We drive the sixty odd miles to Coventry but we are too late to see anything of the support band, mainly due to problems finding the car park. A few signs would have been nice. As you can tell this is a venue I haven't been to before. It's a pretty good one too. A tight venue with a high stage and lots of vantage points. It reminds me of a smaller version of Leicester Poly, De Montfort Uni as it now is. The show is part of their Fresher's week. So I'm expecting lots of drongos and possibly a few babes but we don’t really get much of either.



Daughter is with us, complete with a headache, which isn't good news for going to a gig. Probably something to do with going to school this morning in the pouring rain in just a jumper. So she'll be next with the flu symptoms.



The band open with, as I assume they always do, 'Hi How Are You'. Daughter looks at me as the first of many F words are flung from the stage. Every so often she says something to me, which I can't hear properly because of the noise and I'm tempted to quote the band's line 'Won't you shut the f*** up, I'm just trying to watch the band' but I don't.

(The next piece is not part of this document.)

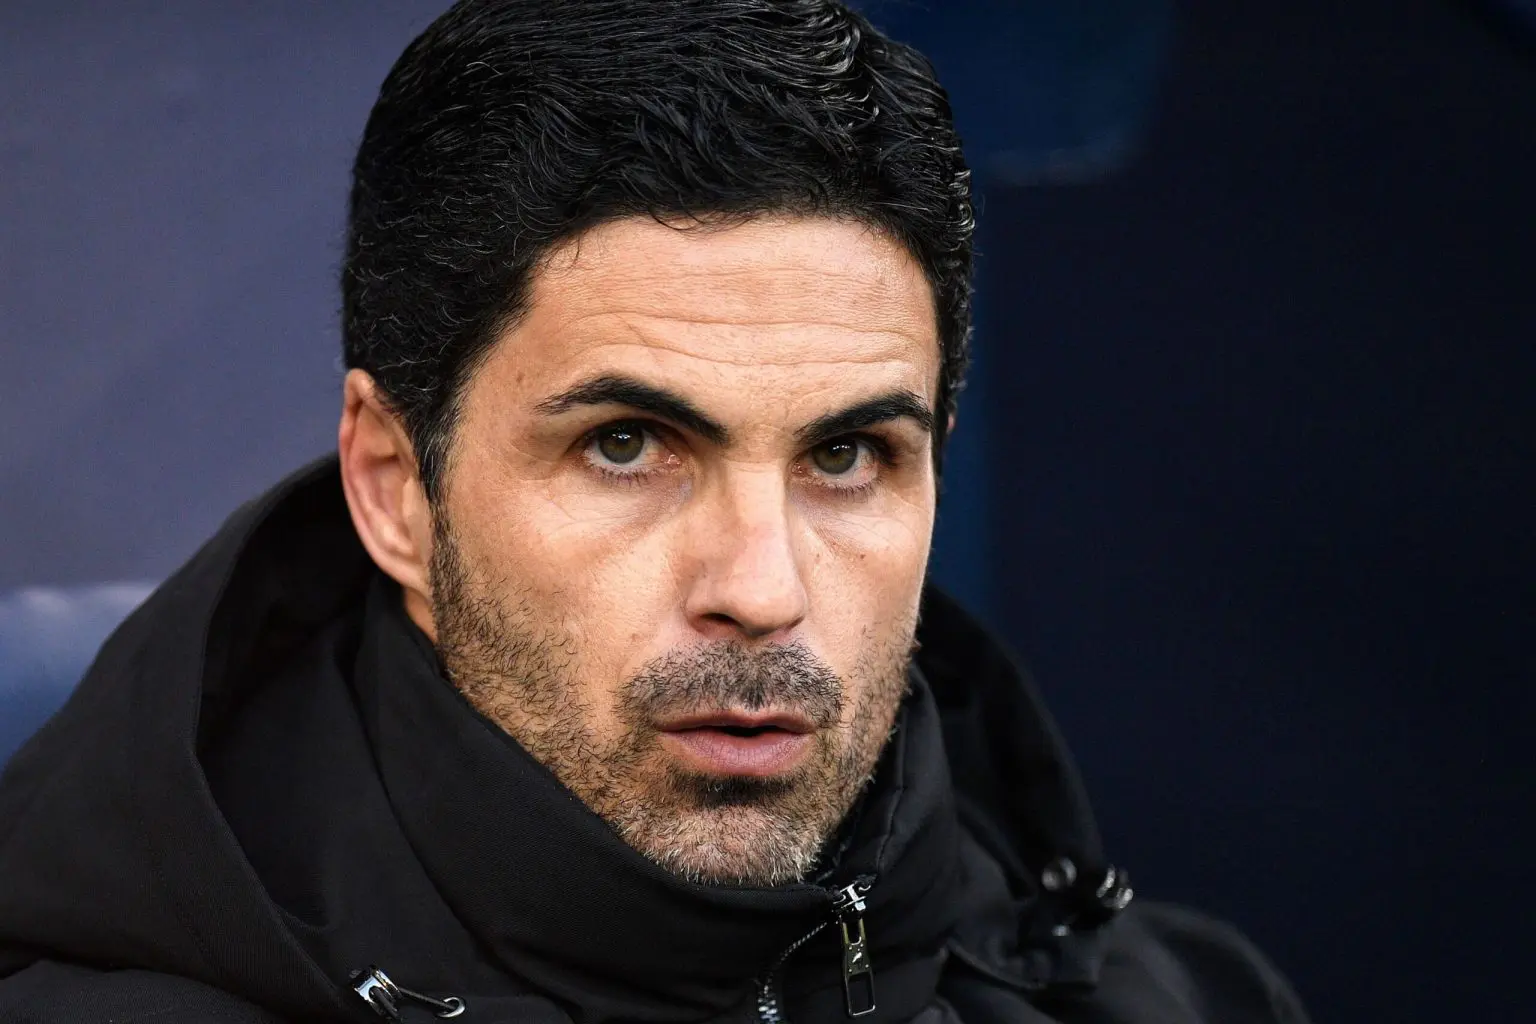 EPL: Arteta told he’s playing Arsenal midfielder in wrong position

Apparently Daughter's been listening up on The Rakes by mistake. Easy mistake, Brakes/Rakes. I think L has made the same mis-association in the past. It's all probably a bit of a shock for Daughter, I mean, I can't really imagine the deadly serious Rakes imploring the audience to 'Do The Spring Chicken'.



Some of the audience take this offer literally. One particular audience member, who seems to have come as a member of the Hair Bear Bunch, does the Spring Chicken throughout.

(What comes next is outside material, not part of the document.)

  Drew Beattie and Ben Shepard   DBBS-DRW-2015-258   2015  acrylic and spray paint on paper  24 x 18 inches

The Brakes are one of my favourite bands. They are a refreshing alternative to most of what is around at the moment. Their songs are pleasantly random, an intriguing mixture of moods and styles. A bit like women but with lower maintenance. Between tracks it's often difficult to remember you’re listening to the same band.



They also have something to say and are not afraid to say it with their quirky lyrics. 'Here's a song about the death of God' cue 'Cease and Desist'.



You get the feeling that the band revel in being unconventional, their songs never seem to follow any set structure. They often stop without warning and often err on the well... brief side, stopping before they've even really started. 'Cheney' is a nine-second rant about the Vice President of the USA. The almost as short 'Pick Up The Phone' is about foreign policy.



The obligatory pineapple is brought out for the 60 odd seconds of the punky 'Porcupine or Pineapple', their anti-war song. Hair Bear is by now desperately trying to upstage the band but even one of the speakers almost falling on the drummer a few songs in can't upstage them. Admirably the drummer barely seems to notice, as he carries on playing. He could so easily have not been so lucky.







The support band the XCerts, who we missed, slow the crescendo of songs by bringing a cake on stage for the bass player's birthday.



Again the epic, lovelorn 'No Return' tugs at the heartstrings and steals the show, a song seemingly personal to vocalist Eamon Hamilton about love lost but painfully remembered. It complements the short, frenetic bursts of their other songs extremely well.







The set is over in around fifty minutes, having played most of their two albums. A chap near us has continually called for their seven second song about punctuation 'Comma Comma Comma Full Stop'. I keep expecting them to either finish or encore with it but it remains unplayed. Eamon returns alone to play a single solo encore, a song about European integration he calls it. Maybe be that should be disintegration, as he whinges about metrification among other things.



All bands are influenced by somebody who has gone before them but the great bands earn our respect by taking those influences, turning them on their head and then coming up with something distinctive and then crucially, ending up sounding like no one but themselves. That's the Brakes.



As the lights go up, it looks as if L's pulled, she's talking to Hair Bear. Thankfully I don't think frizzy afros do it for her.